■ Information given ■
++++++++++++++++++++
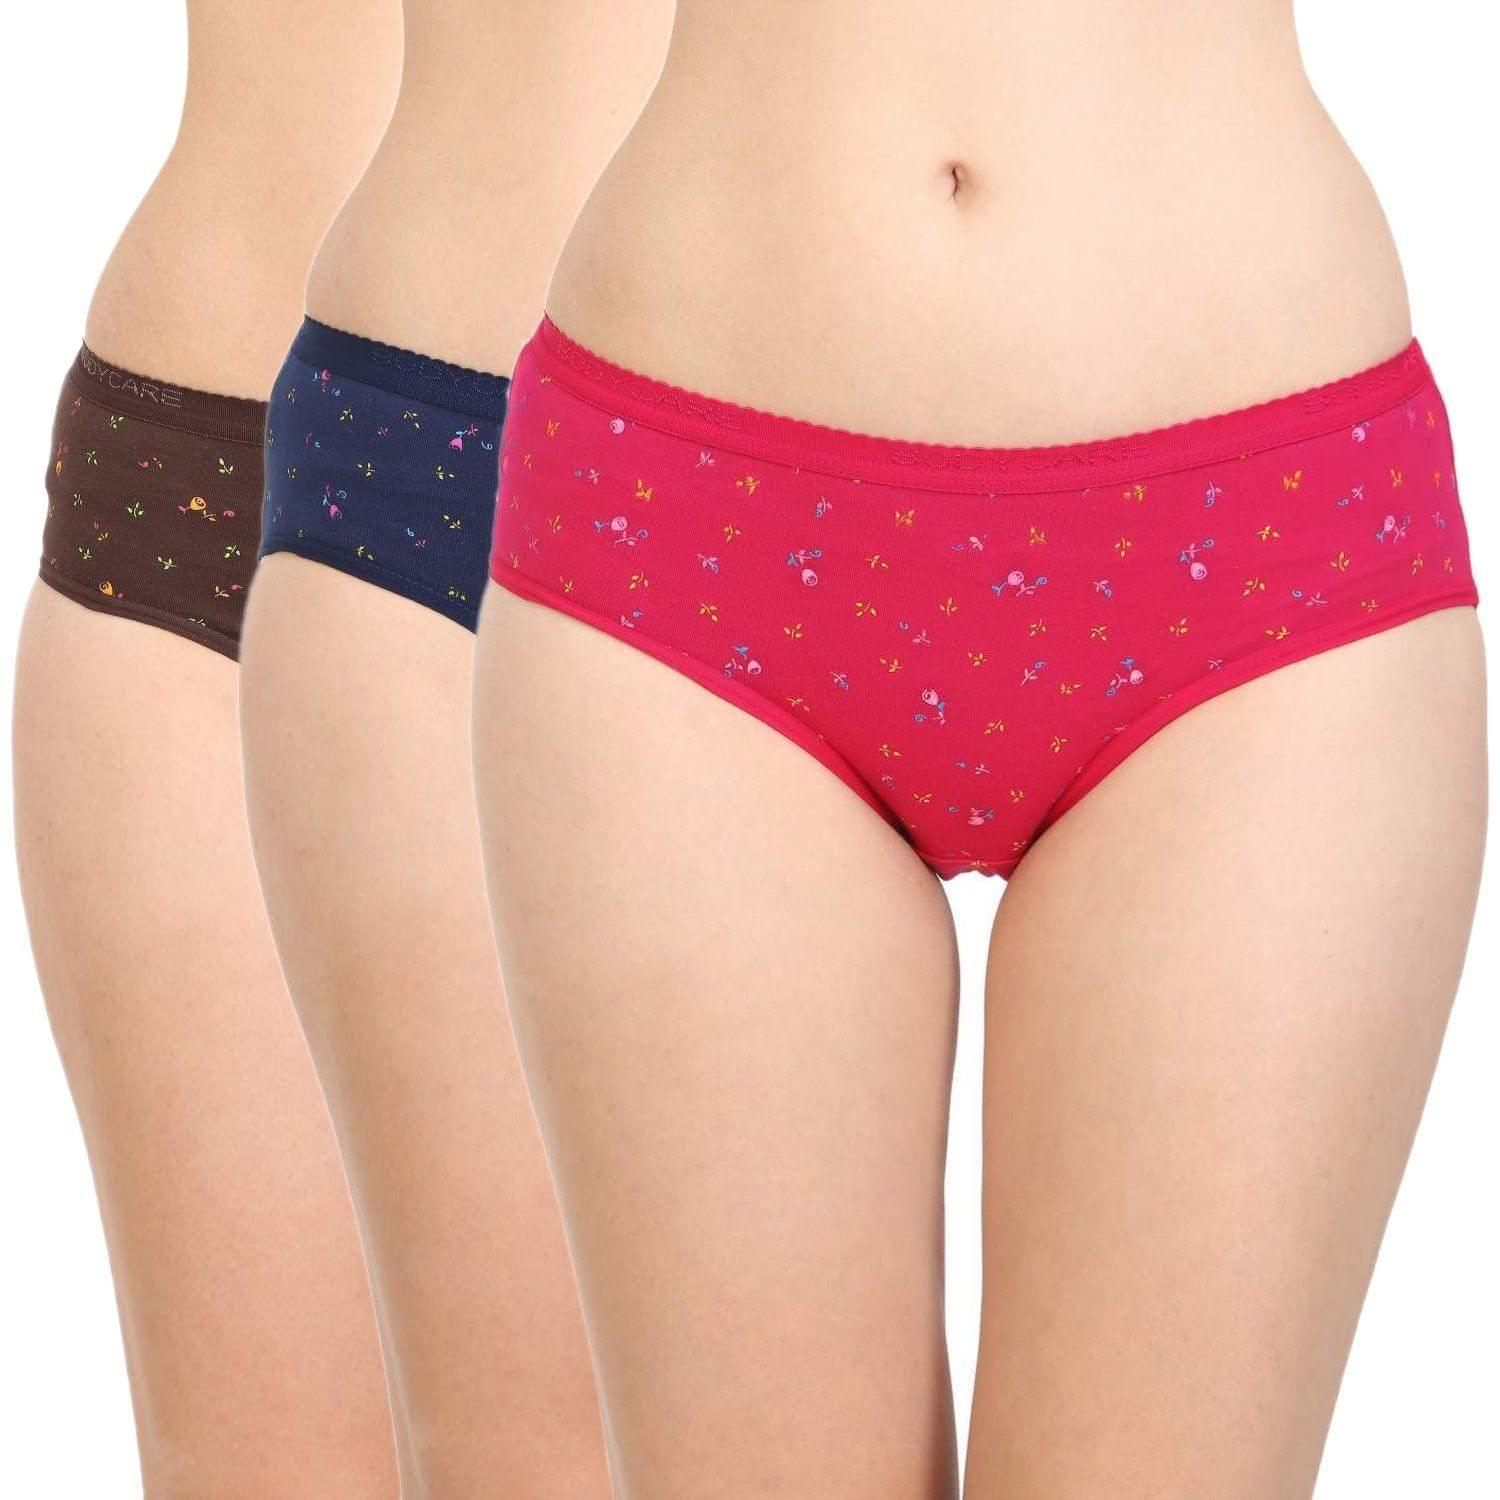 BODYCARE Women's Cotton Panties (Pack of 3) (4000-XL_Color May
++++++++++++++++++++
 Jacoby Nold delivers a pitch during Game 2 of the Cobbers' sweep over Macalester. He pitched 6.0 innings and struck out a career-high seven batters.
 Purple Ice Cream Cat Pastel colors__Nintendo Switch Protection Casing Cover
++++++++++++++++++++
■ Exercise requirements ■
Reproduce exactly, and with no other material, the lines between those holding "Jacoby Nold delivers" and "Purple Ice Cream", inclusive.

■ Result below ■
 Jacoby Nold delivers a pitch during Game 2 of the Cobbers' sweep over Macalester. He pitched 6.0 innings and struck out a career-high seven batters.
 Purple Ice Cream Cat Pastel colors__Nintendo Switch Protection Casing Cover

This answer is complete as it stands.